Data extract —
★ ★ ★ ★ ★
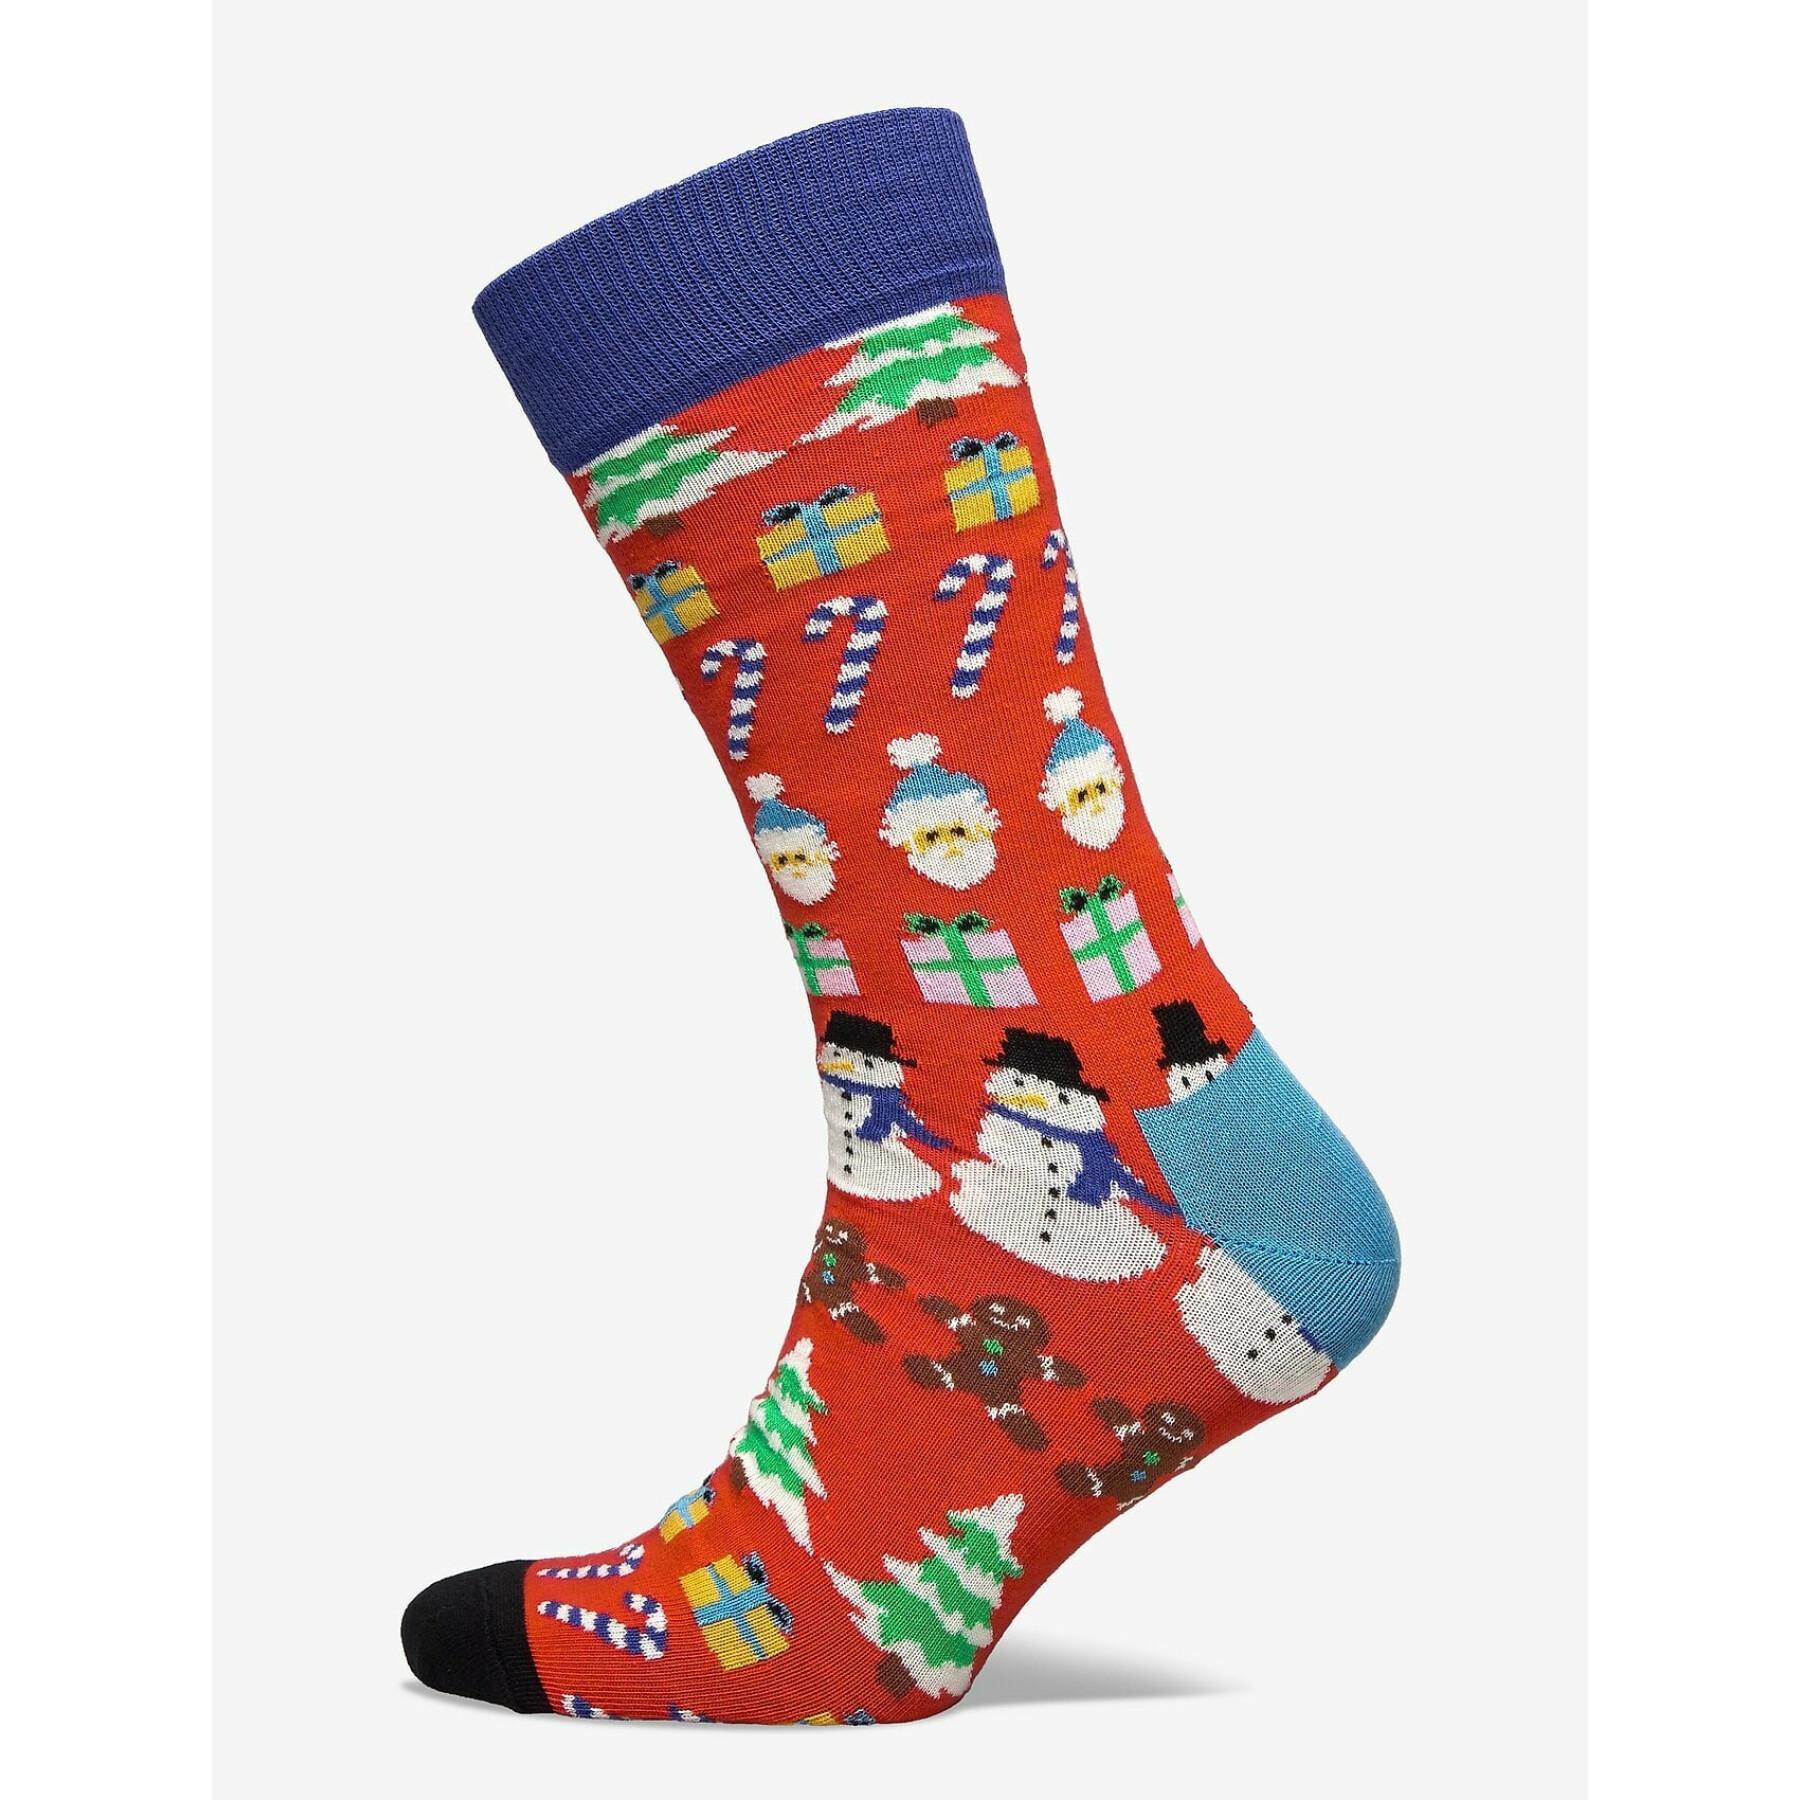 Socken Happy socks All i want for chrismas
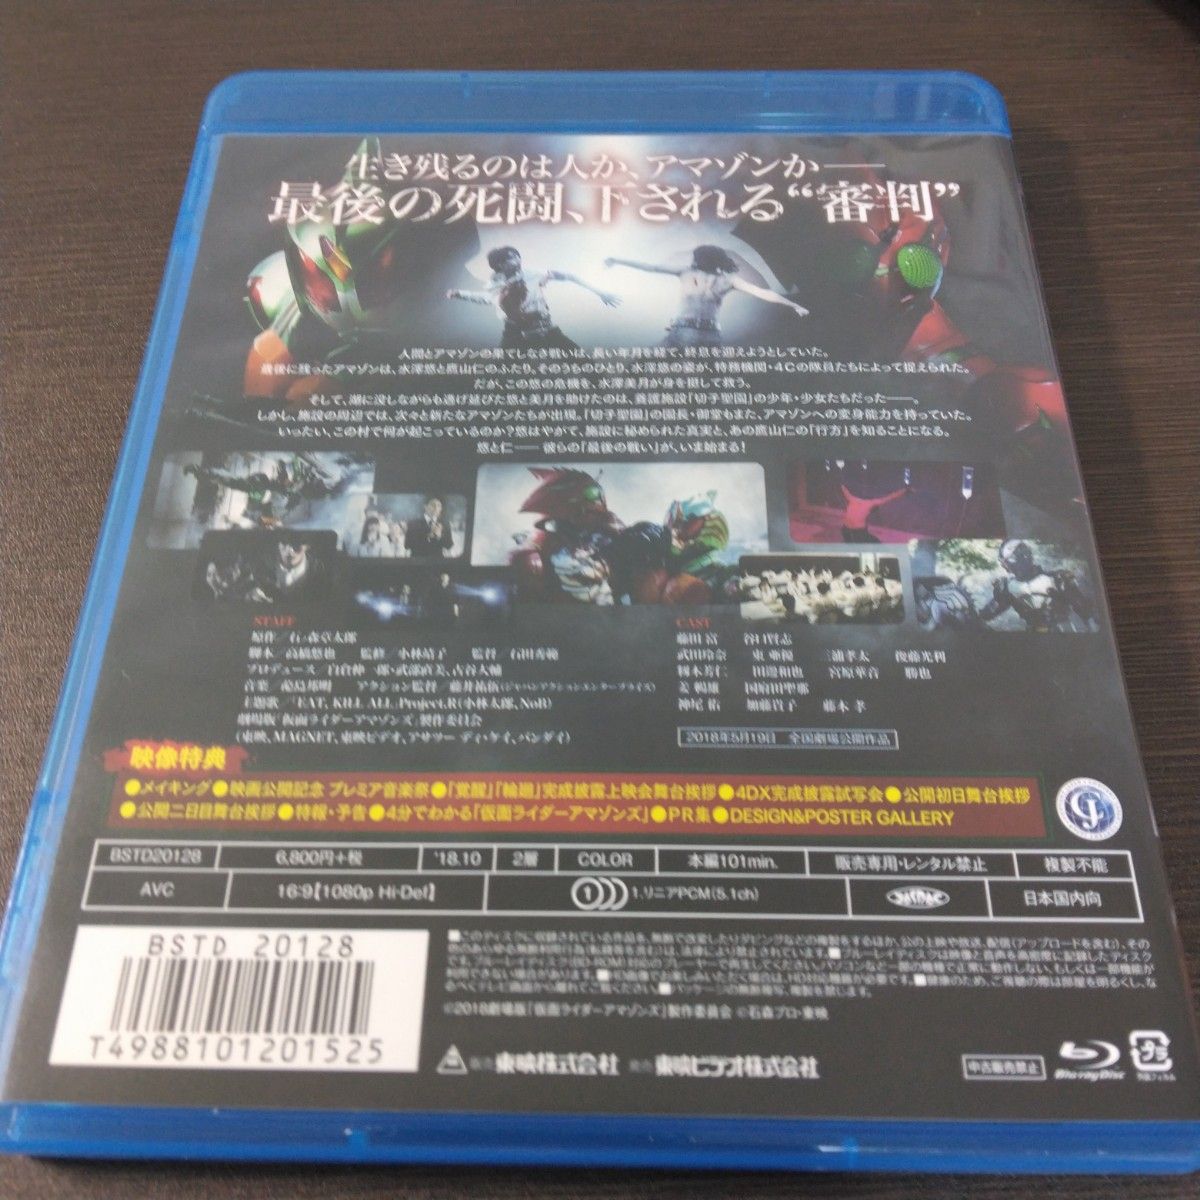 【国内盤ブルーレイ】 仮面ライダーアマゾンズ 1期2期劇場版 Blu-rayセット
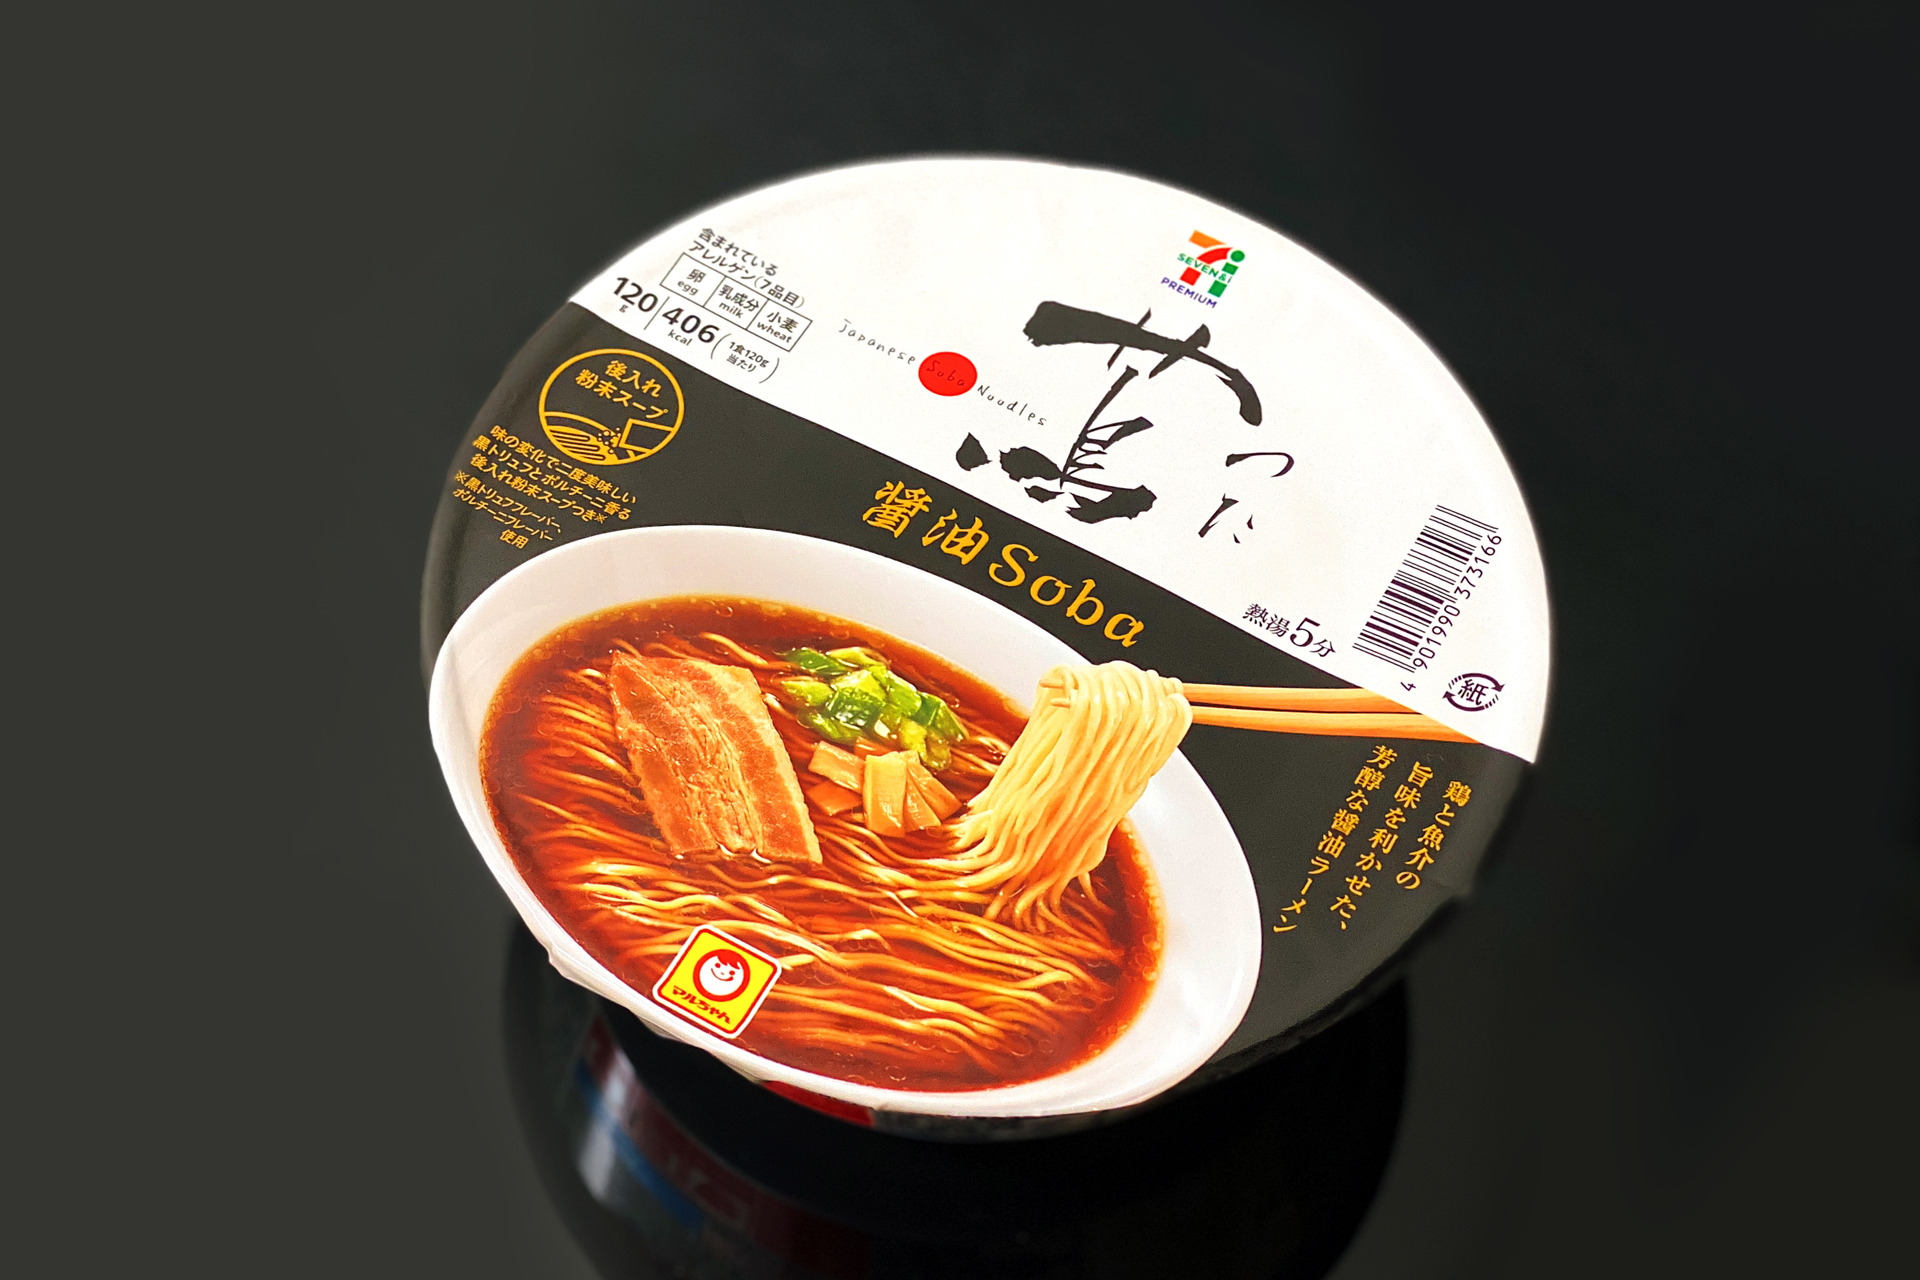 ミシュラン一つ星のラーメン店「Japanese Soba Noodles 蔦」の「醤油Soba」を再現したカップ麺、リニューアル発売 セブンプレミアム  蔦 醤油Soba - グルメ Watch
★ ★ ★ ★ ★
Exercise prompt — Write out exactly the lines beginning with the line that holds "仮面ライダーアマゾンズ 1期2期劇場版 Blu-rayセット" and ending with the final line of the data, both ends included, without the pictures.

Output for this task —
 【国内盤ブルーレイ】 仮面ライダーアマゾンズ 1期2期劇場版 Blu-rayセット
 ミシュラン一つ星のラーメン店「Japanese Soba Noodles 蔦」の「醤油Soba」を再現したカップ麺、リニューアル発売 セブンプレミアム  蔦 醤油Soba - グルメ Watch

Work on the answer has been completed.